One key feature of a personality trait is that it remains relatively stable over time rather than fluctuating like a mood or a skill. Research treats grit as a “dispositional quality,” meaning it’s a fairly consistent part of how a person approaches the world. Longitudinal studies during the COVID-19 pandemic, for example, found that perseverance of effort functioned as a stable personal quality that shaped how students interpreted difficult life circumstances and maintained life satisfaction over time. This stability pattern is consistent with how other personality traits behave.

That said, grit does appear to increase somewhat with age. In Duckworth’s original data, older adults tended to score higher than younger ones, which could reflect either generational differences or genuine development over a lifetime. Personality traits in general shift modestly as people mature: conscientiousness tends to rise through middle adulthood. Grit likely follows a similar trajectory, remaining relatively stable in the short term but gradually shifting over years or decades as people gain experience with sustained effort and long-term commitment.

How Grit Is Measured

The standard tool is the Short Grit Scale (Grit-S), an eight-item questionnaire. You rate statements on a scale from 1 (“not at all like me”) to 5 (“very much like me”), covering both perseverance (“I finish whatever I begin”) and consistency of interests (“I often set a goal but later choose to pursue a different one,” scored in reverse). Your average across all eight items gives you a grit score between 1 and 5.
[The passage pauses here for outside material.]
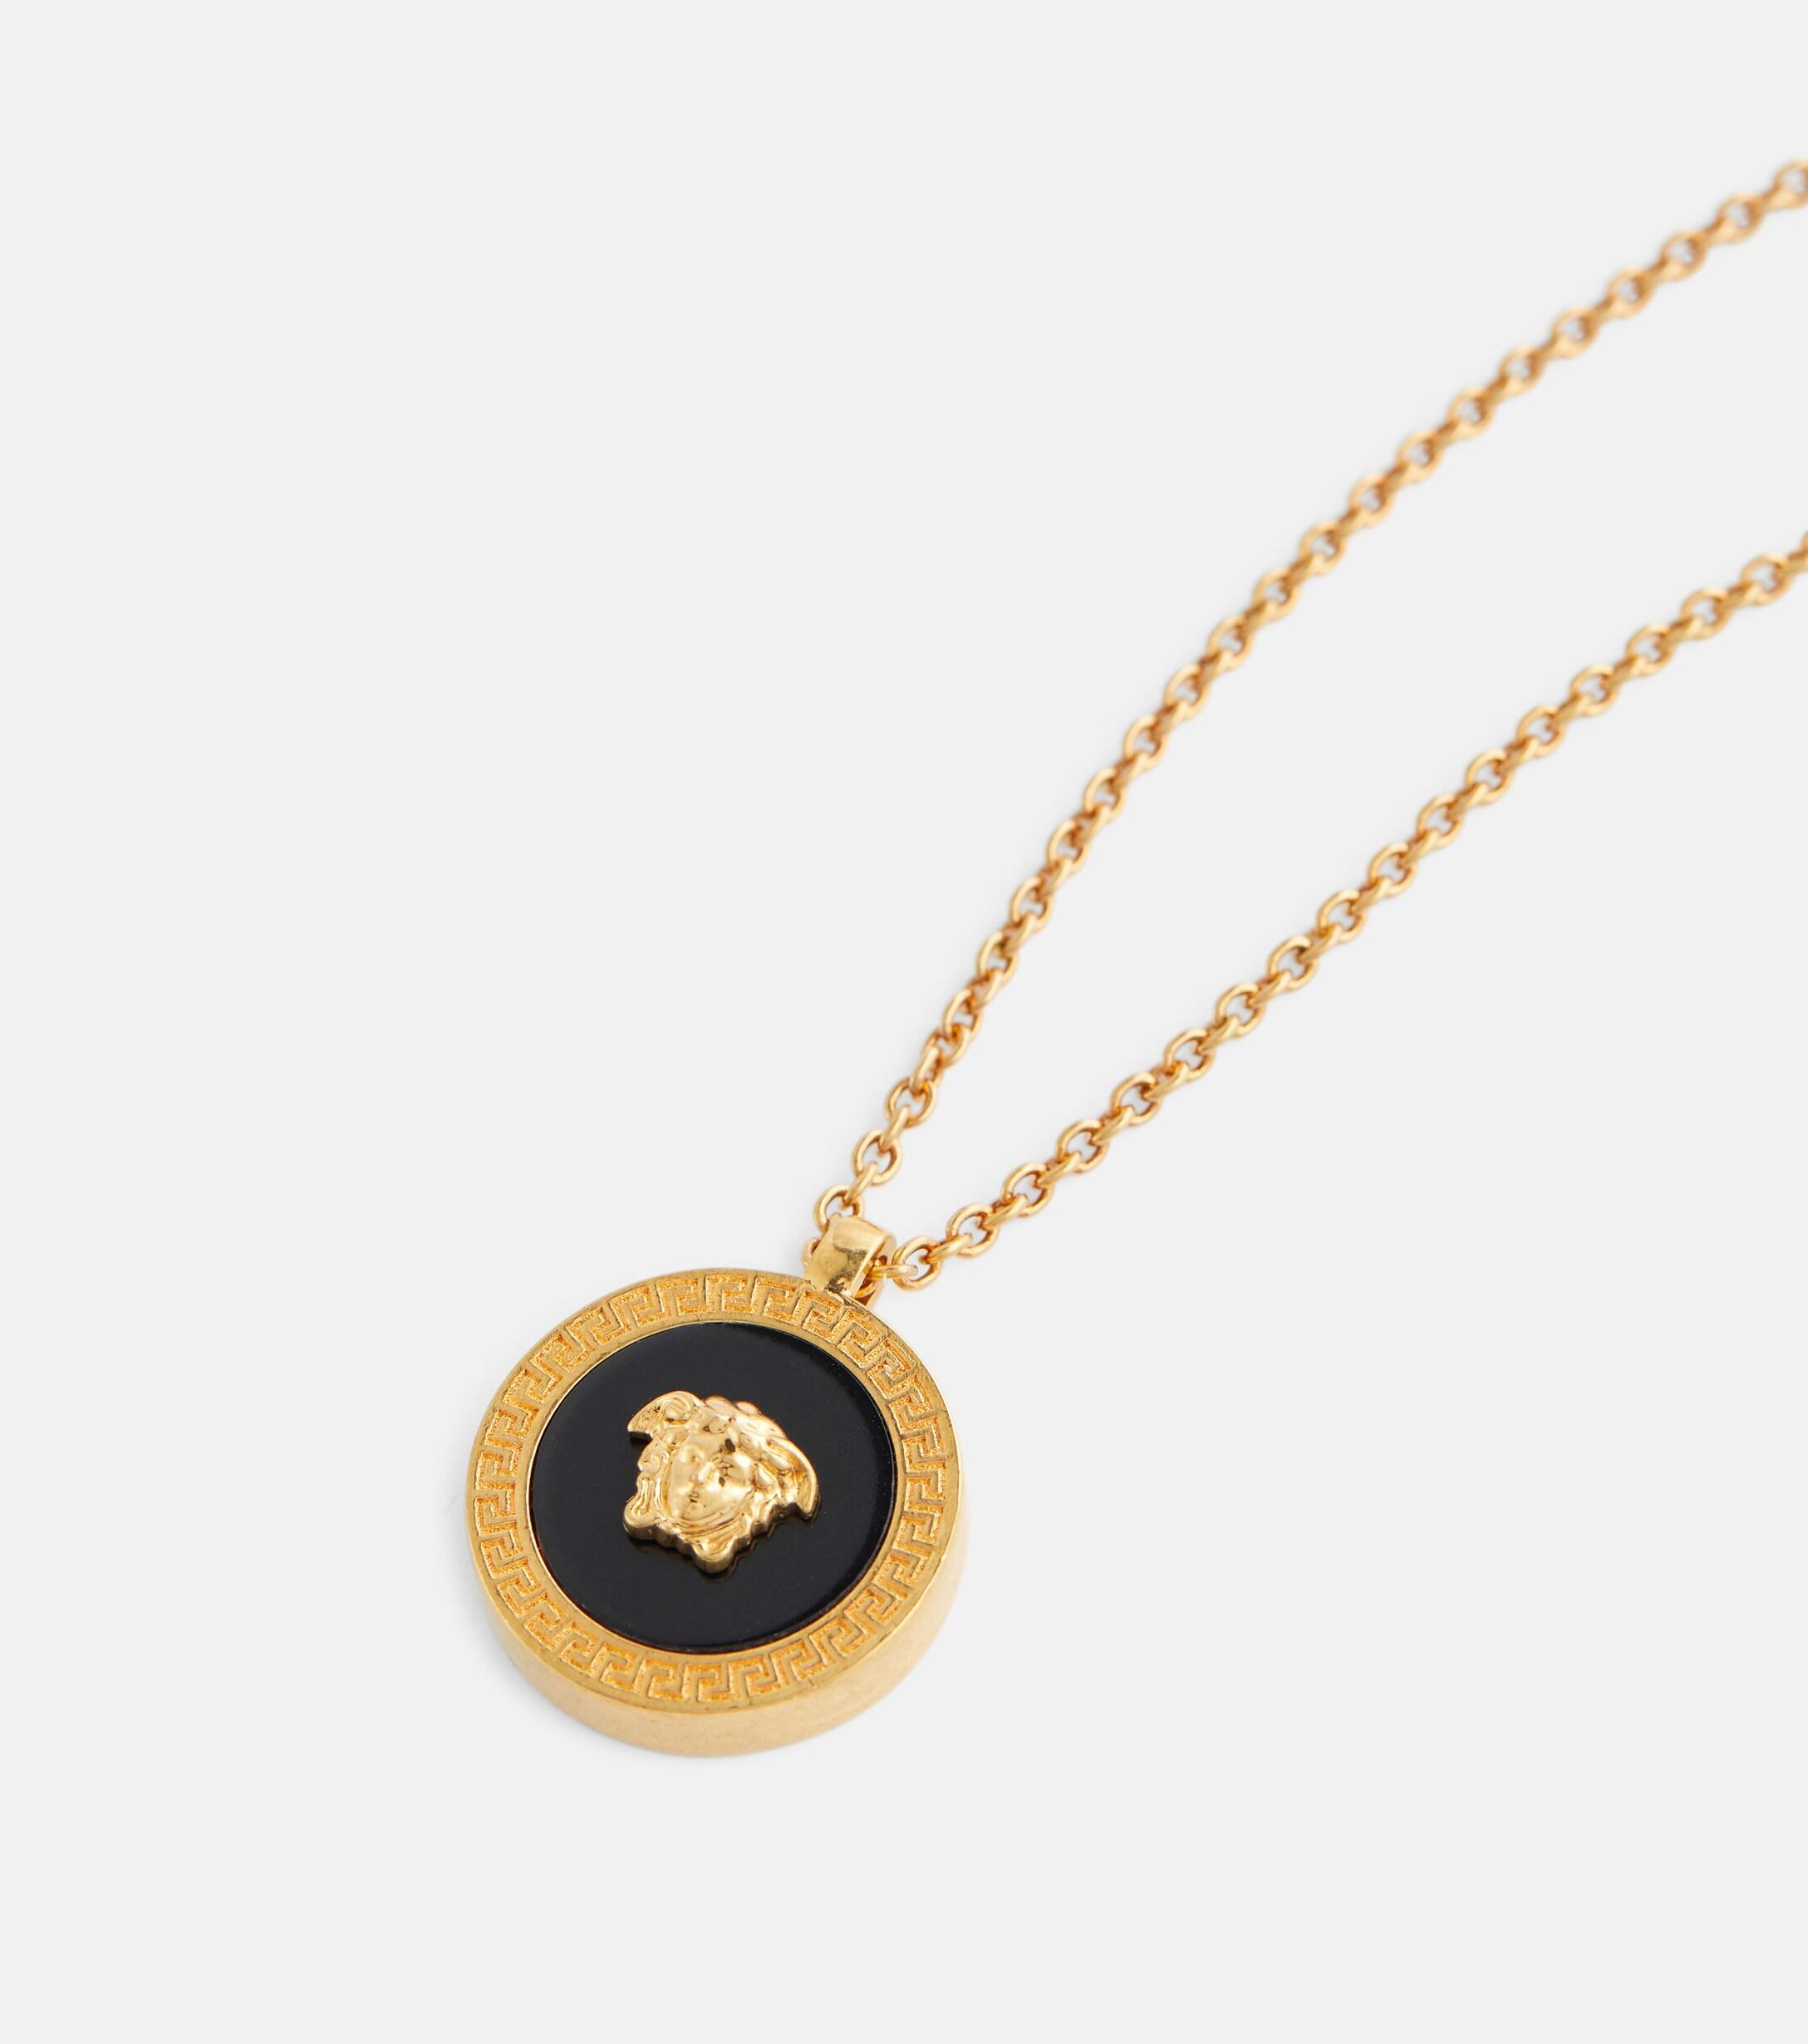 Versace Medusa Necklace in Gold (Metallic) - Save 7% - Lyst

One limitation worth knowing: psychometric analysis has found that the Grit-S is better at distinguishing people with average or below-average grit than it is at separating the highly gritty from the moderately gritty. Most of the scale’s measurement precision clusters around the middle and lower end. If you score a 4.5, the test isn’t telling you much about how you differ from someone who scores a 4.8. The two-factor structure (perseverance and consistency of interests as separate dimensions feeding into one overall score) has also been challenged, with some analyses failing to confirm that the two facets combine neatly into a single higher-order trait.

Where This Leaves Grit as a Trait

Grit is a personality trait in the formal sense: it describes a relatively stable pattern of thinking and behaving, it has identifiable neural correlates, and it predicts real-world outcomes to a modest degree. The APA classifies it as one, and the research supports that classification. The more precise question is whether it’s a useful, distinct trait or largely redundant with conscientiousness.

The honest answer is somewhere in between. Grit captures something real about the specific combination of sustained passion and effort toward long-term goals. But it shares so much territory with conscientiousness that many researchers consider it a narrow facet of that broader trait rather than a standalone dimension of personality. The perseverance component does most of the heavy lifting in predicting outcomes, while the consistency of interests component adds relatively little. If you think of personality traits as existing at different levels of specificity, grit sits below conscientiousness as a more focused description of one particular way conscientiousness plays out: the ability to stick with a single long-term pursuit through difficulty and boredom alike.